Comment by adrian_b

21 hours ago

Indexing does that, but the indices must vary in a certain range, whose limits are frequently determined by using something like "sizeof(array)/sizeof(element)" which is an unsigned number.

This is especially inconvenient in C, where there exist extremely dangerous legacy implicit casts between signed integers and unsigned integers, which have a great probability of generating incorrect values.

Because the index is typically a signed integer, comparing it with an unsigned limit without using explicit casts is likely to cause bugs.
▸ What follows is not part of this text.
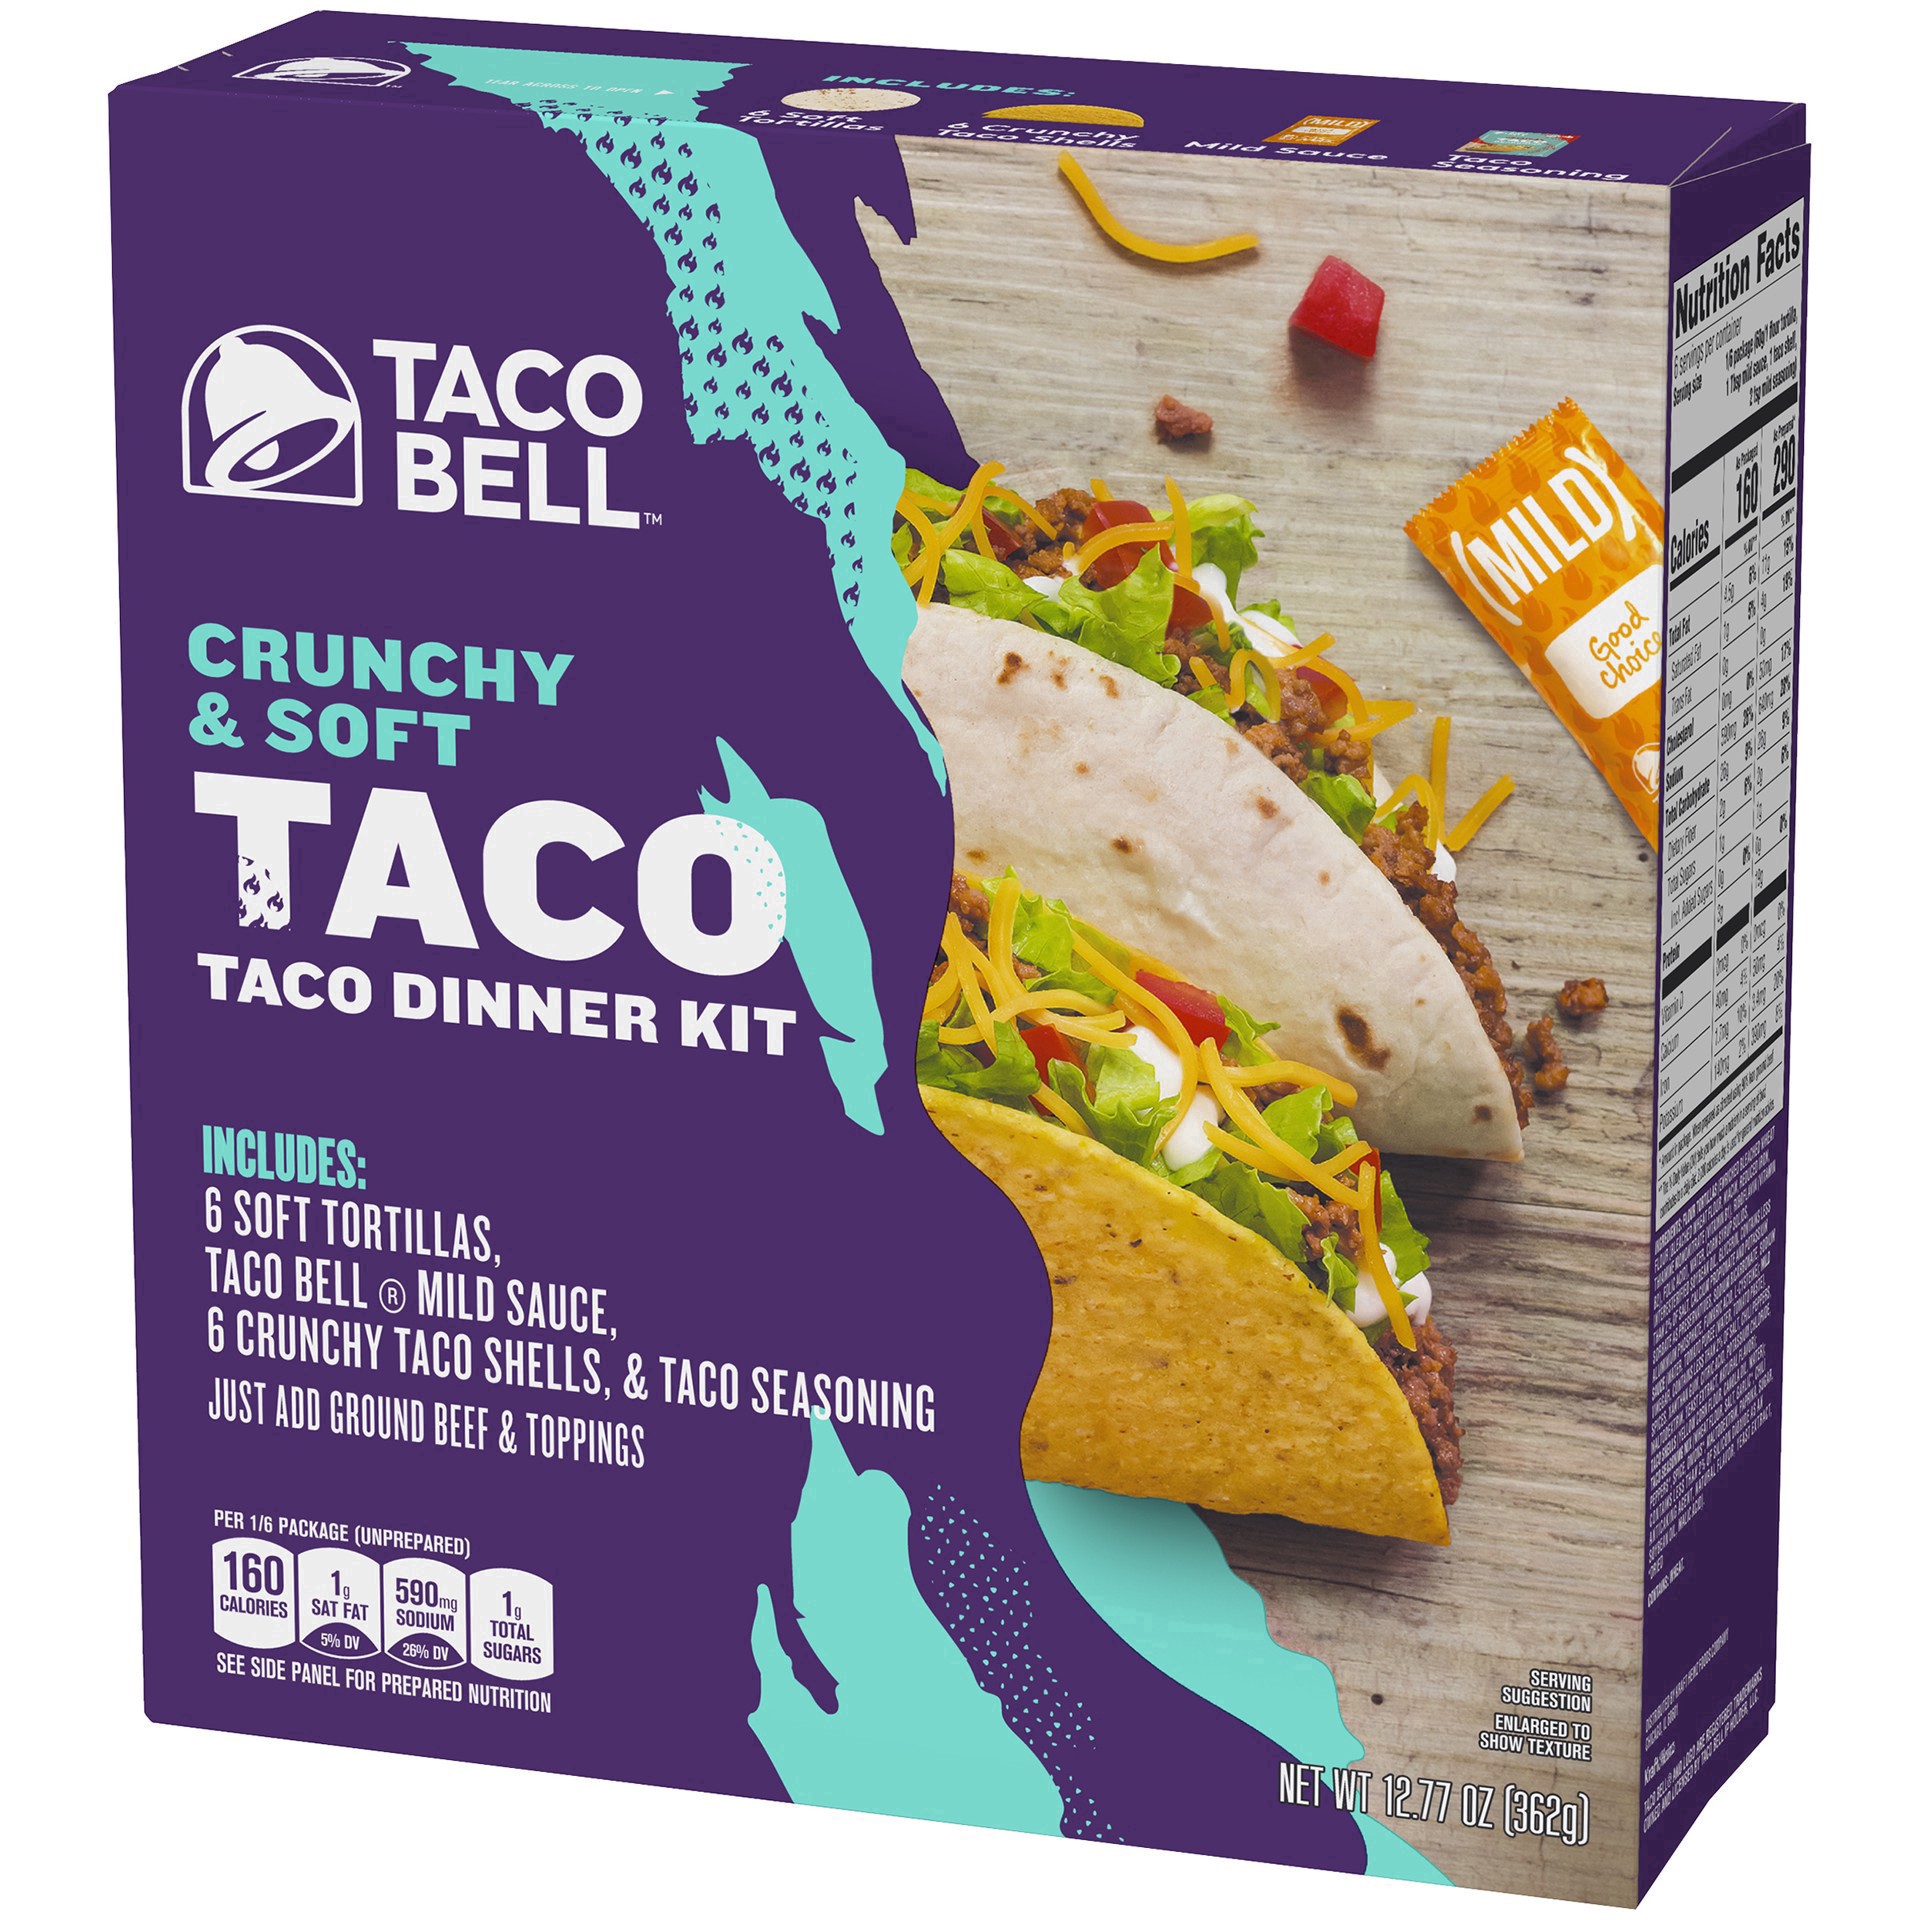 slide 85 of 101, Taco Bell Crunchy & Soft Taco Cravings Kit with 6 Soft Tortillas, 6 Crunchy Taco Shells, Taco Bell Mild Sauce & Seasoning, 12.77 oz Box, 1 ea

Using explicit casts of smaller unsigned integers towards bigger signed integers results in correct code, but it is cumbersome.

These problems are avoided as said in TFA, by making "sizeof" and the like to have 64-bit signed integer values, instead of unsigned values.

Well chosen implicit conversions are good for a programming language, by reducing unnecessary verbosity, but the implicit integer conversions of C are just wrong and they are by far the worst mistake of C much worse than any other C feature.

Other C features are criticized because they may be misused by inexperienced or careless programmers, but most of the implicit integer conversions are just incorrect. There is no way of using them correctly. Only the conversions from a smaller signed integer to a bigger signed integer are correct.

Mixed signedness conversions have always been wrong and the conversions between unsigned integers have been made wrong by the change in the C standard that has decided that the unsigned integers are integer residues modulo 2^N and they are not non-negative integers.

For modular integers, the only correct conversions are from bigger numbers to smaller numbers, i.e. the opposite of the implicit conversions of C. The implicit conversions of C unsigned numbers would have been correct for non-negative integers, but in the current C standard there are no such numbers.

The current C standard is inconsistent, because the meaning of sizeof is of a non-negative integer and this is also true for the conversions between unsigned numbers, but all the arithmetic operations with unsigned numbers are defined to be operations with integer residues, not operations with non-negative numbers.

The hardware of most processors implements at least 3 kinds of arithmetic operations: operations with signed integers, operations with non-negative integers and operations with integer residues.

Any decent programming language should define distinct types for these kinds of numbers, otherwise the only way to use completely the processor hardware is to use assembly language. Because C does not do this, you have to use at least inline assembly, if not separate assembly source files, for implementing operations with big numbers.

3 comments

adrian_b

uecker 21 hours ago

Not sure what change in the C standard you mean. unsingned was always modulo. Otherwise, use -Wsign-conversion.

adrian_b 20 hours ago
Nope.
It was undefined what happens at unsigned overflows and underflows. Therefore a compiler could choose to implement "unsigned" as either non-negative numbers or as integer residues.
The fact that "sizeof" is unsigned and the implicit conversions between "unsigned" numbers are consistent only with non-negative numbers. Therefore the undefined behavior should have been defined correspondingly.
Instead of this, at some version of the standard, I am lazy to search it now, but it might have been C99, they have changed the behavior from undefined to defined as the behavior of integer residues.
I do not know the reason for this choice, it may have been just laziness, because it is easier to implement in compilers and it leads to maximum performance in the absence of bugs. In any case this decision has broken the standard, because the arithmetic operations have become incompatible with the implicit conversions between "unsigned" types and with the semantics of "sizeof", which must be non-negative.
For non-negative numbers, the correct conversions are from smaller sizes to bigger sizes, while for integer residues the correct conversions are only in the opposite direction, from bigger sizes to smaller sizes (e.g. a number that is 257 modulo 65536 is also 1 modulo 256, so truncating it yields a correct value, while a number that is 1 modulo 256 when modulo 65536 it could be 257, 511, 769 etc. so you cannot extend it without additional information).
Judging from the implicit conversions, it is clear that the intention of the designers of C during the seventies was that "unsigned" numbers must be non-negative integers and not integer residues. The modern C standard is guilty of the current inconsistencies that greatly increase the chances of bugs
- uecker 11 hours ago
  
  My copy of K&R already has unsigned modulo arithmetic: "unsigned numbers are always positive or zero, and obey the laws of arithmetic modulo 2n, where n is the number of bits in the type." So if it changed it was before that, but don't think so.
  I get your argument about the conversion order, but I do not buy it in terms of language design. You also do not want to go to a quotient ring implicitly, so I do not agree that this conversion direction would be more "correct" for implicit conversion either and from a practical point of view the C design is defensible.
  I think the motivation originally was merely to expose the common capabilities of the hardware, nothing more. What we miss from this perspective are polynomials over F_2, but nobody pushed for this too hard so far.